Influencer aggredito a Trevi mentre documenta truffe: tre arresti

Cittadino iraniano picchiato dopo aver messo in guardia un turista. Ordinanza di custodia cautelare per tre stranieri
Roma, 12 agosto 2026 – I Carabinieri della Stazione di Roma San Lorenzo in Lucina hanno notificato un’ordinanza di custodia cautelare in carcere nei confronti di tre cittadini stranieri, gravemente indiziati di aver aggredito un noto influencer e attivista straniero presente sui social network. L’ordinanza è stata emessa dal Giudice per le Indagini Preliminari del Tribunale di Roma su richiesta della Procura della Repubblica.
I fatti risalgono alla tarda serata del 26 giugno 2026 in via delle Muratte, a pochi passi da Fontana di Trevi. La vittima, cittadino iraniano di 34 anni, stava documentando con videocamere le condotte illecite legate al «gioco delle tre campanelle», la truffa storicamente perpetrata ai danni di turisti e passanti. Dopo aver tentato di mettere in guardia un passante dalla truffa in corso, la reazione del gruppo è stata fulminea e sproporzionata.

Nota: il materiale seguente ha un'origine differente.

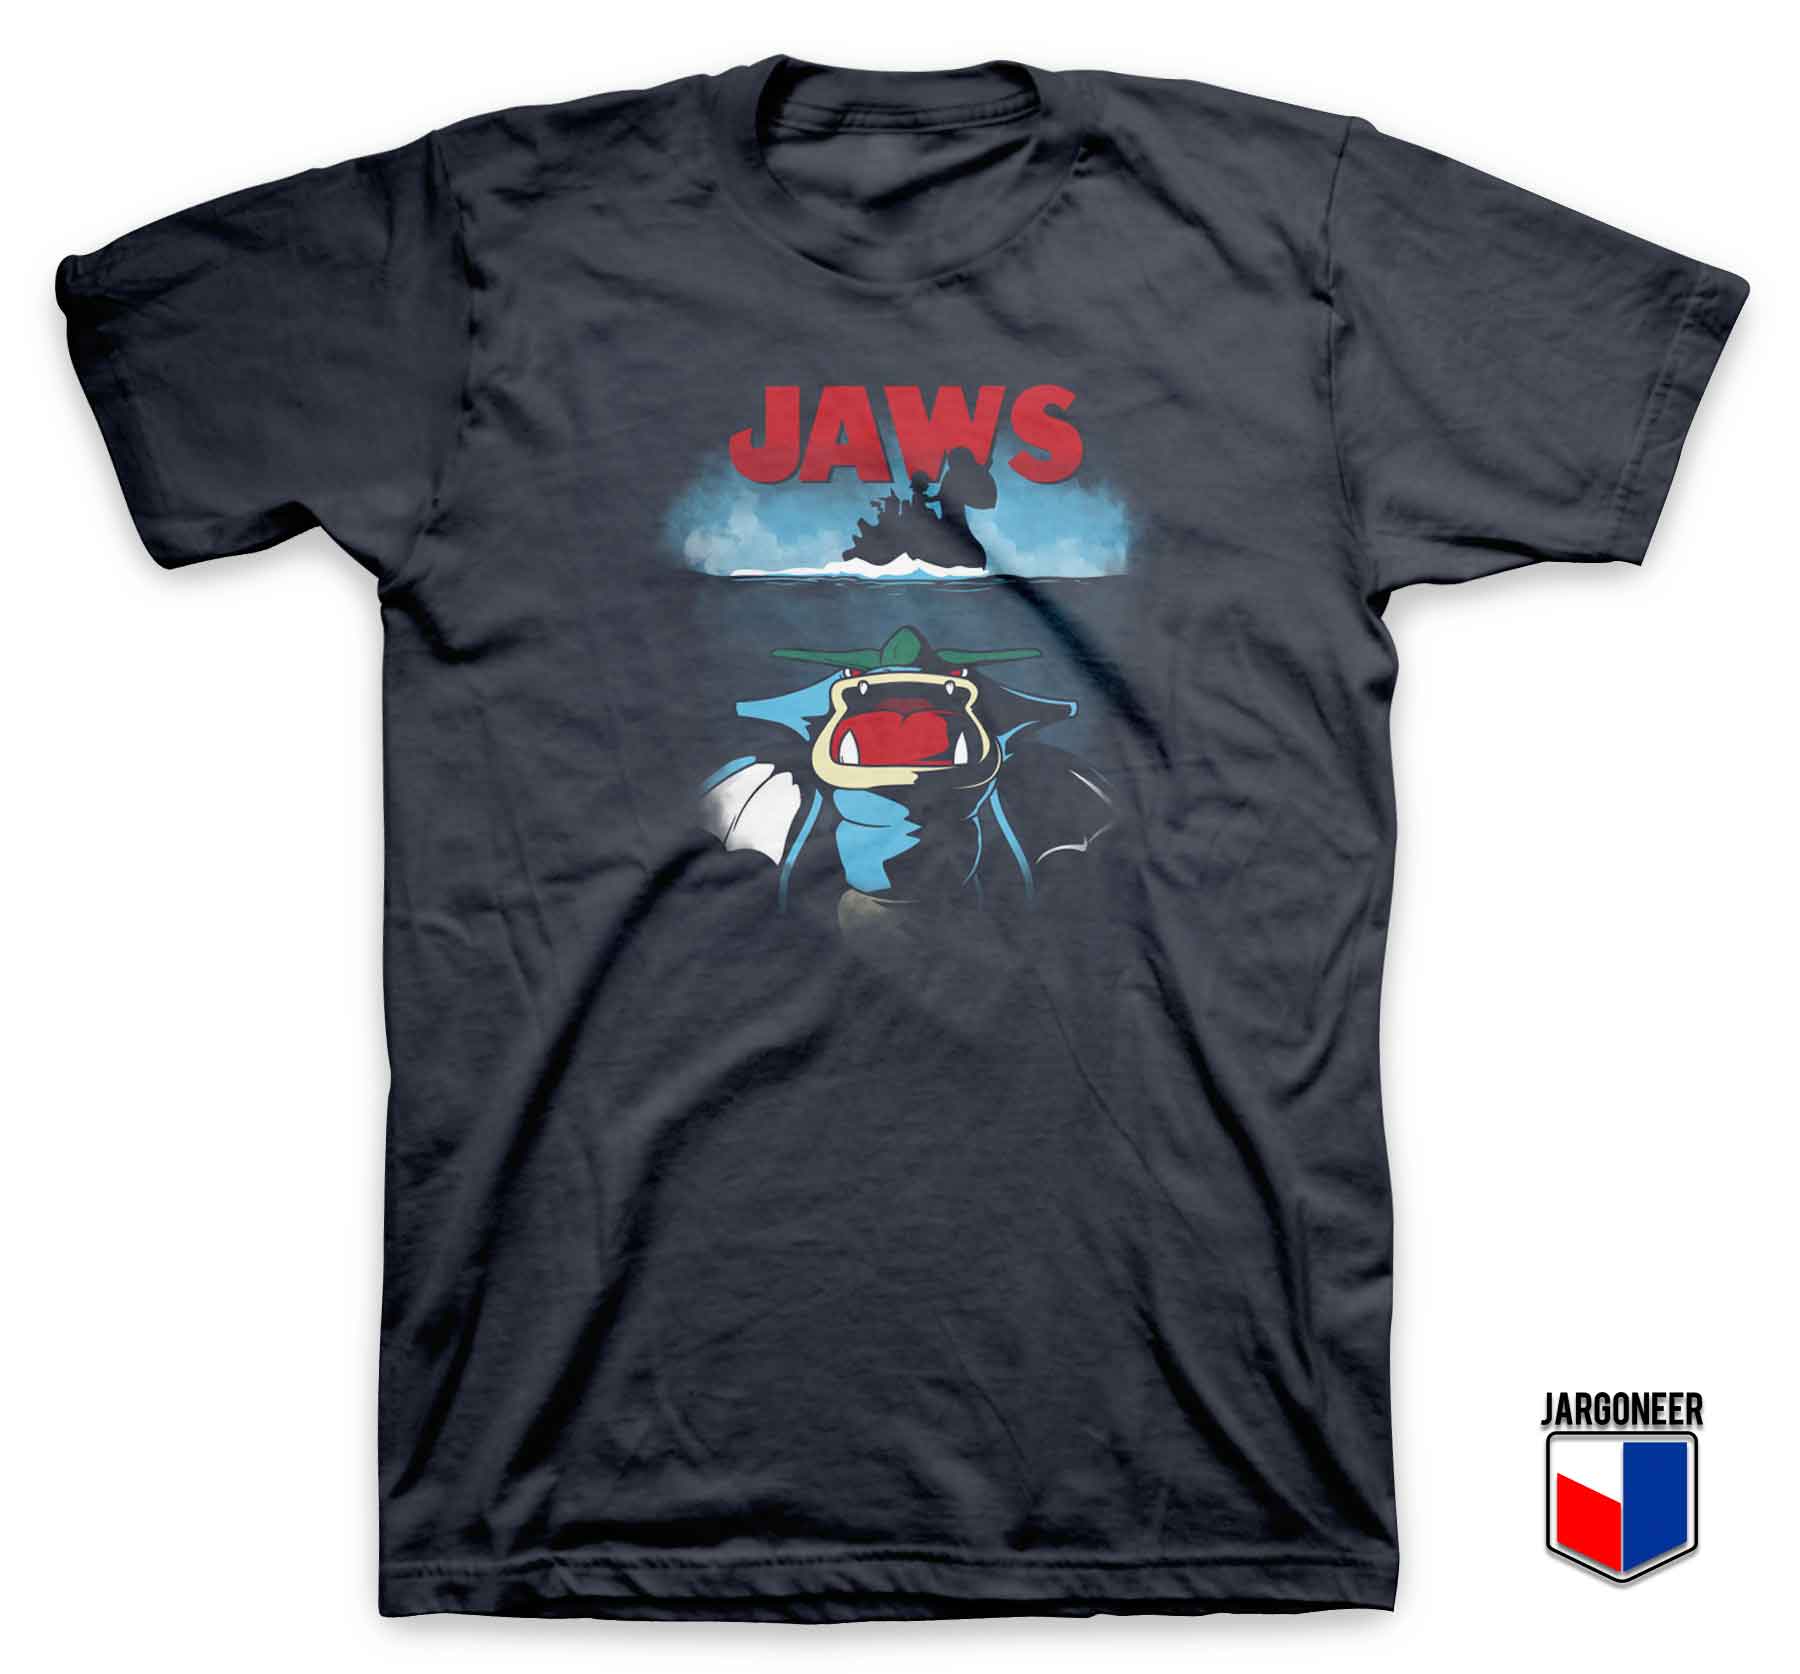 Poke Jaws - Shop Unique Graphic Cool Shirt Designs

Un violentissimo pugno al volto ha neutralizzato l’influencer, causando la caduta e il danneggiamento delle attrezzature. Nonostante il tentativo di allontanamento e autodifesa, la superiorità numerica degli aggressori ha consentito loro di accerchiarlo e sopraffarlo completamente. Una volta a terra e in stato di semicoscienza, è stato colpito ripetutamente con calci e pugni diretti al volto e al capo. Solo l’intervento coraggioso di un terzo cittadino ha interrotto l’aggressione, scongiurando conseguenze ancora più gravi.
I soccorsi al Policlinico Umberto I hanno riscontrato un quadro traumatologico di estrema gravità: molteplici fratture scomposte a carico di mandibola, seno mascellare, arco zigomatico e ossa nasali, oltre a estesi enfisemi dei tessuti molli. La Procura ha ipotizzato il delitto di deformazione dell’aspetto della persona mediante lesioni personali permanenti.
A uno degli indagati è stata inoltre contestata la calunnia: nei giorni successivi all’aggressione aveva presentato una falsa denuncia alle autorità, dipingendosi come presunta vittima. L’analisi incrociata delle registrazioni dei sistemi di videosorveglianza pubblica e privata ha consentito ai Carabinieri di smascherare la manovra elusiva e raccogliere gravi indizi di responsabilità. Il GIP ha disposto l’applicazione della misura cautelare, ipotizzando anche le circostanze aggravanti dei futili motivi e della minorata difesa della vittima.